The Sossusvlei area belongs to a wider region of southern Namib with homogeneous features (about 32.000 km²) extending between rivers Koichab and Kuiseb. This area is characterized by high sand dunes of vivid pink-to-orange color, an indication of a high concentration of iron in the sand and consequent oxidation processes. The oldest dunes are those of a more intense reddish color. These dunes are among the highest in the world; many of them are above 200 metres, the highest being the one nicknamed Big Daddy, about 325 metres high, however the highest dune in the Namib Desert, Dune 7, is about 388 metres high.

The highest and more stable dunes are partially covered with a relatively rich vegetation, which is mainly watered by a number of underground and ephemeral rivers that seasonally flood the pans, creating marshes that are locally known as vlei; when dry, these pans look almost white in color, due to the high concentration of salt. Another relevant source of water for Sossusvlei is the humidity brought by the daily morning fogs that enter the desert from the Atlantic Ocean.

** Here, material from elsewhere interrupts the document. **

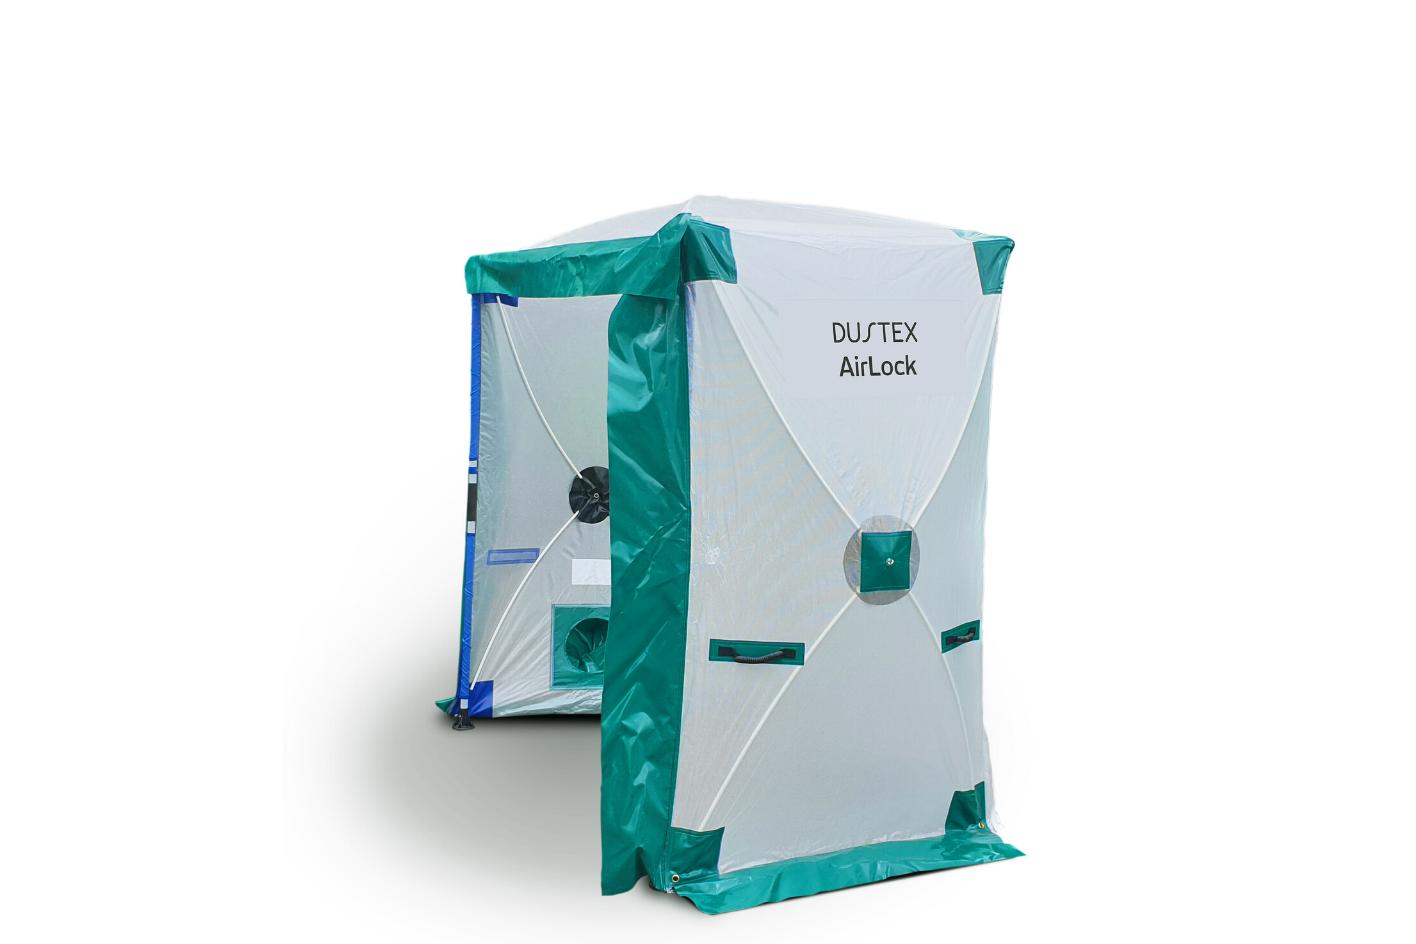 Dustex Air Lock
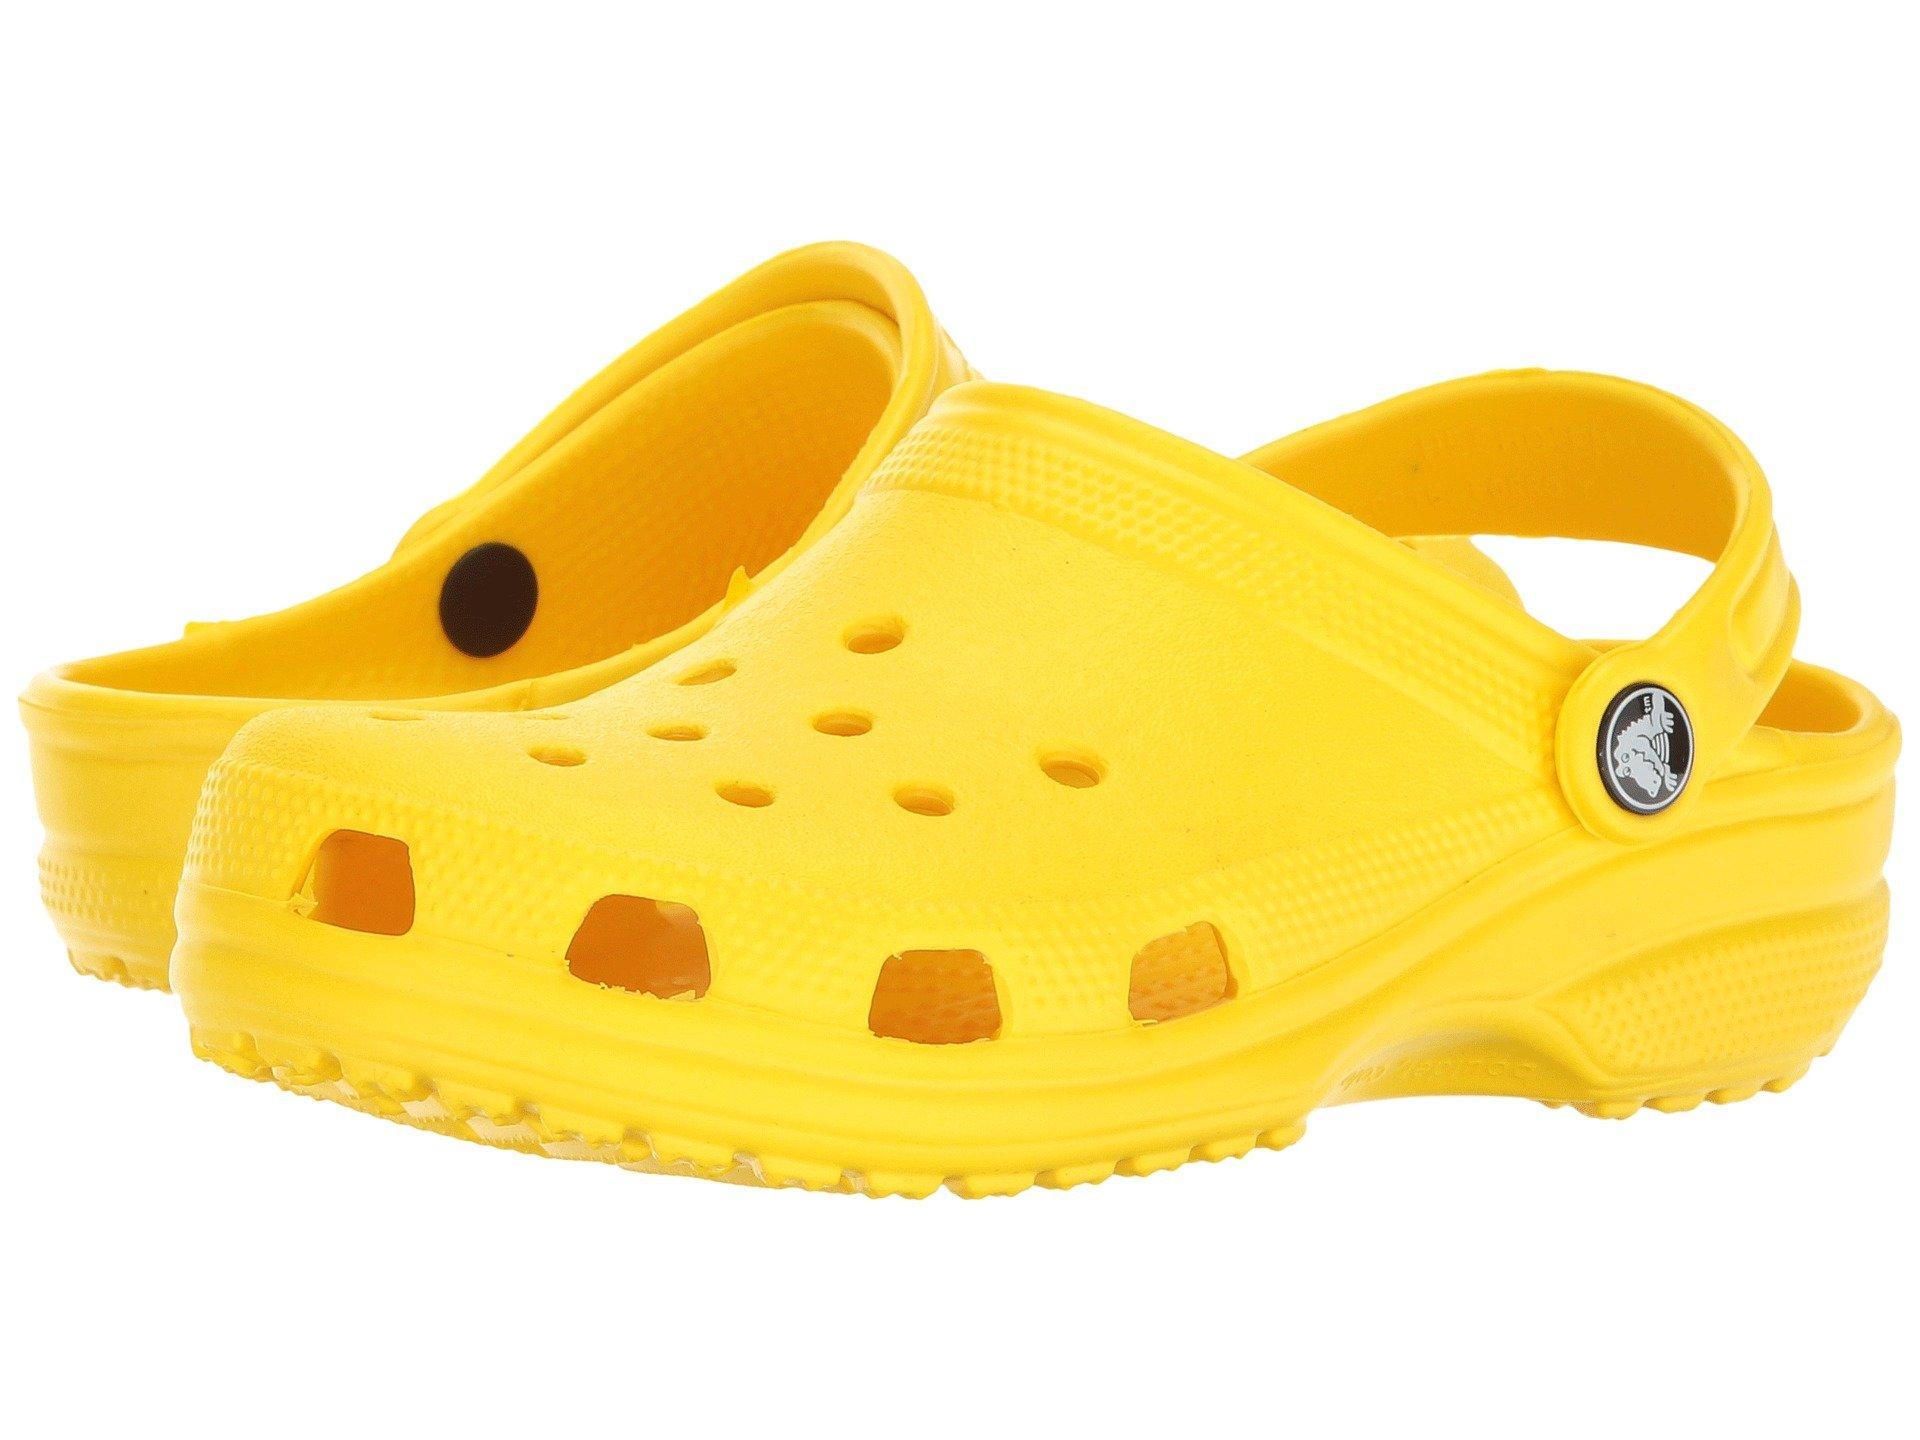 Crocs Unisex Classic Clog, Lemon, 6 US Men/8 US Women

Fauna in the Sossusvlei area is relatively rich. It mostly comprises small animals that can survive with little water, including a number of arthropods, small reptiles and small mammalians such as rodents or jackals); bigger animals include antelopes (mainly oryxes and springboks) and ostriches. During the flood season, several migrant bird species appear along the marshes and rivers. Much of the Sossusvlei and Namib fauna is endemic and highly adapted to the specific features of the Namib. Most notably, fog beetles such as the Namib Desert Beetle have developed a technique for collecting water from early morning fogs through the bumps in their back.

Climate 

The Etosha National Park has a savanna desert climate. The annual mean average temperature is 24 °C. In winter, the mean nighttime lows  are around 10 °C, while in summer temperatures often hover around 40 °C. As it is a desert, there is a large variation between day and night. Rain almost never falls in the winter.

Landmarks

Sesriem

Access to the Sossusvlei area of the Namib-Naukluft National Park is from the Sesriem gate, which is located in the surroundings of the eponymous canyon. From Sesriem, a 60 km tarmac road leads to Sossusvlei proper.

Elim Dune
The Elim Dune is a high and relatively isolated dune located 5 km past the Sesriem gate, on a branch of the main road connecting Sesriem to Sossusvlei. The dune takes its name from a farm that used to be in the area before the National Park was established.

Dune 45

Dune 45 is so called because it lies 45 km past Sesriem on the road to Sossusvlei. It is 80 meters high and it is composed of 5-million-year-old sands.

Sossusvlei

Sossusvlei is about 66 km past the Sesriem gate.  The last 6 km can only be traversed with 4WD vehicles as the metalled road ends and sand begins (the place where the metalled road ends is known as "2x4 parking" as any non-4WD vehicle must stop there). Sossusvlei is a clay pan, of roughly elliptical shape, covered in a crust of salt-rich sand. While the pan has been shaped over time by the Tsauchab river, the actual flooding of the pan is a relatively rare event, and sometimes several years pass between one flood and the next one. The river is dry most of the year, and even when it is not, it carries relatively little water to the vlei. The vlei is surrounded by high orange-reddish dunes, partially covered by a vegetation comprising grass, bushes, and some tree (mostly of species Vachellia erioloba).

Big Daddy
Big Daddy is the highest dune in the Sossusvlei area, at about 325 meters. Big Daddy is located past Sossusvlei proper, near Deadvlei. It faces another very high dune known as "Big Mama".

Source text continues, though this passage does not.